Меня разбудил мобильник, бодро затренькал давно надоевшую песню «Белые розы». Пока я спросонья тыкала пальцем в кнопки, гнусаво-сладкий голос Юры Шатунова успел добраться до слов: «Что с вами сделали снег и морозы, лед витрин голубых». Навязчивый рингтон поставила мне Катька – сводная сестра. Катьке – семнадцать лет, и она находится, по ее словам, в «фазе отрицания». Все вокруг отстой: глупые выпендрежники, озабоченные дрочеры и скрипучее старичье.
Фаза отрицания у Катьки запоздалая, порядочные девицы ее возраста уже давно ничего не отрицают, а ходят на свидания с «глупыми выпендрежниками» или со «скрипучими стариками». Кому как повезет.
Катьку до семи лет воспитывала я, позже – гувернантки, научившие девочку музицировать на фортепиано и читать «Джен Эйр» на английском языке. В четырнадцать лет Катька отчаянно влюбилась в Вадика Минского – первого красавца ее элитной школы. Сынок владельца сетевых кафе, он сначала смеялся над тощим подростком, но узнав про нашего с Катькой отца, проявил к девчонке интерес. Одна из гувернанток обнаружила у Катьки в кармане джинсов только купленные, еще с чеком, презервативы и доложила отцу.
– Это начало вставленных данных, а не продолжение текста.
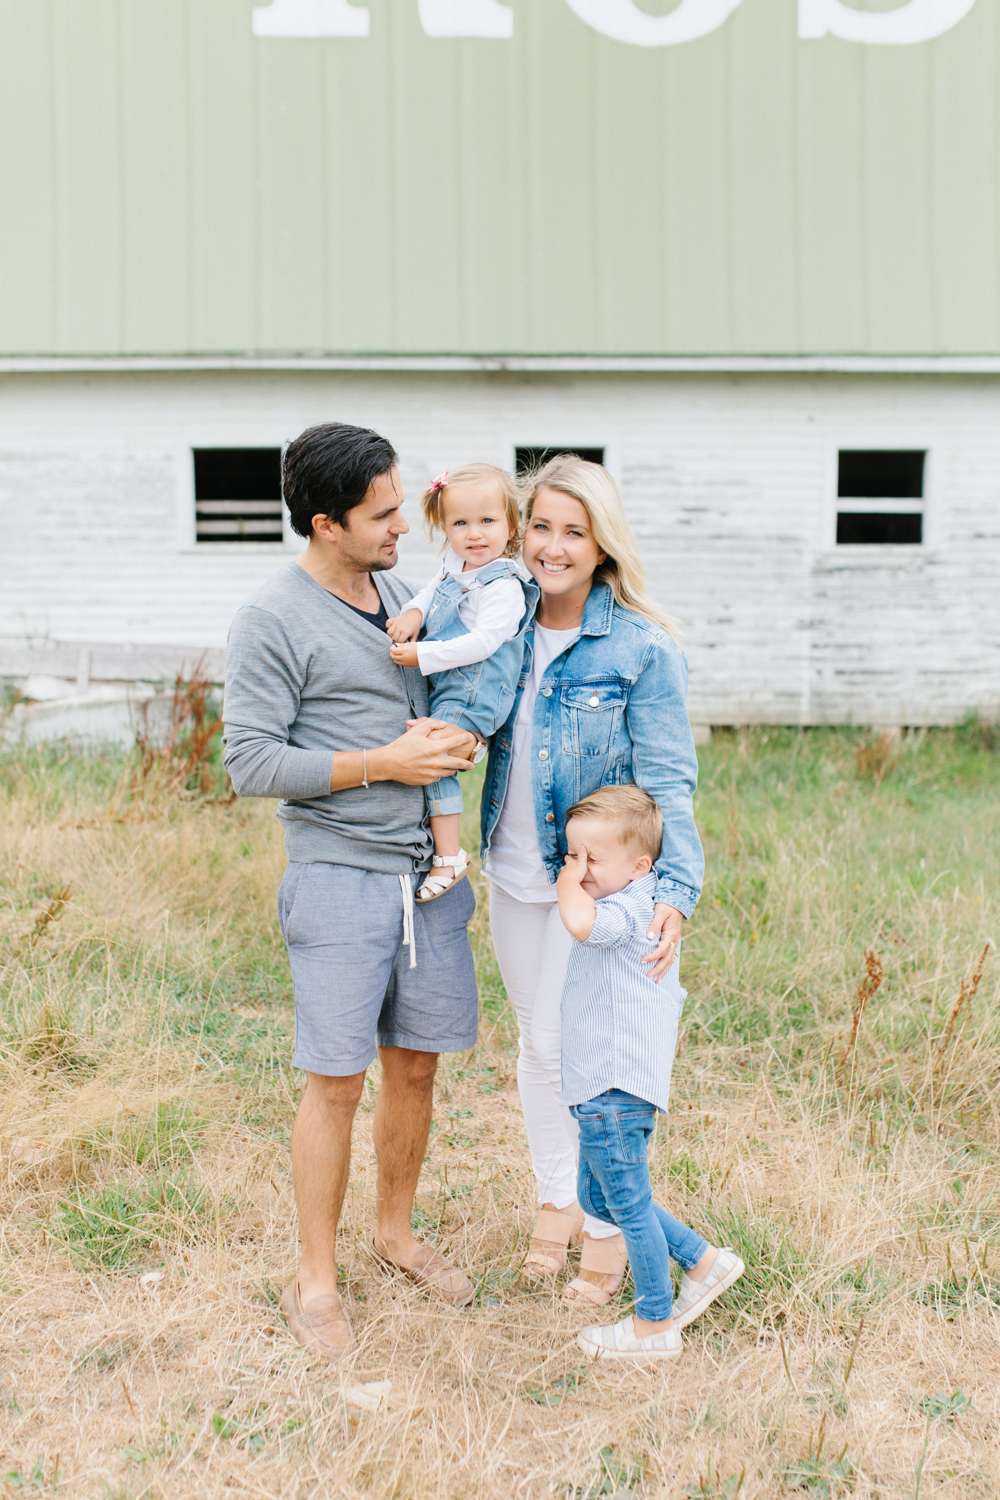 Rose Ranch Family Photo Session | Monika Hibbs Family Session in South Bend, Washington | What to Wear for Family Pictures | Pacific Northwest Family Session with Emma Rose Company-15.jpg

Наш папаша люто гневался, хотел разорить Вадикиного родителя, но передумал и отправил Катьку в Швейцарию в закрытый пансион для девочек.
Оттуда Катька совершила два побега, первый неудачный, а второй – вполне успешный – но успешный только на первый взгляд. Она смогла добраться до Восточной Европы и исчезла. Отец немедленно организовал тайные поиски, чтобы ни слова о пропаже дочери не просочилось в прессу. Девочке повезло, ее нашли через неделю, в мерзком транзитном гадюшнике, продающем девушек в публичные дома. Невменяемую, изнасилованную, завшивевшую, но, к счастью, хотя бы не подсаженную на иглу. Катьку лечили у самых лучших врачей и психиатров, но особого успеха не добились. Большую часть времени девочка лежала, запершись в своей комнате, и угрюмо молчала.
Я в то время училась в Лондоне, почти каждый вечер «клубилась», общалась с потомками знатных английских родов и немного подзабыла о сестренке. Тусовки, бесконечные пати – я вела роскошную жизнь дочки российского миллиардера. Водоворот вечеринок затянул меня в свое хмельное нутро, унося все дальше от родины и вынянченной девочки.
«Катька уже выросла, скоро на свидания будет ходить, зачем ей скучная старшая сестра», – такими мантрами я успокаивала себя после очередного оригинального, но малоинформативного Катькиного сообщения. Перезваниваться из-за разницы во времени получалось не всегда.
«Розка, ты знаешь, что миндаль не орех, а родственник сливы?» – писала сестра.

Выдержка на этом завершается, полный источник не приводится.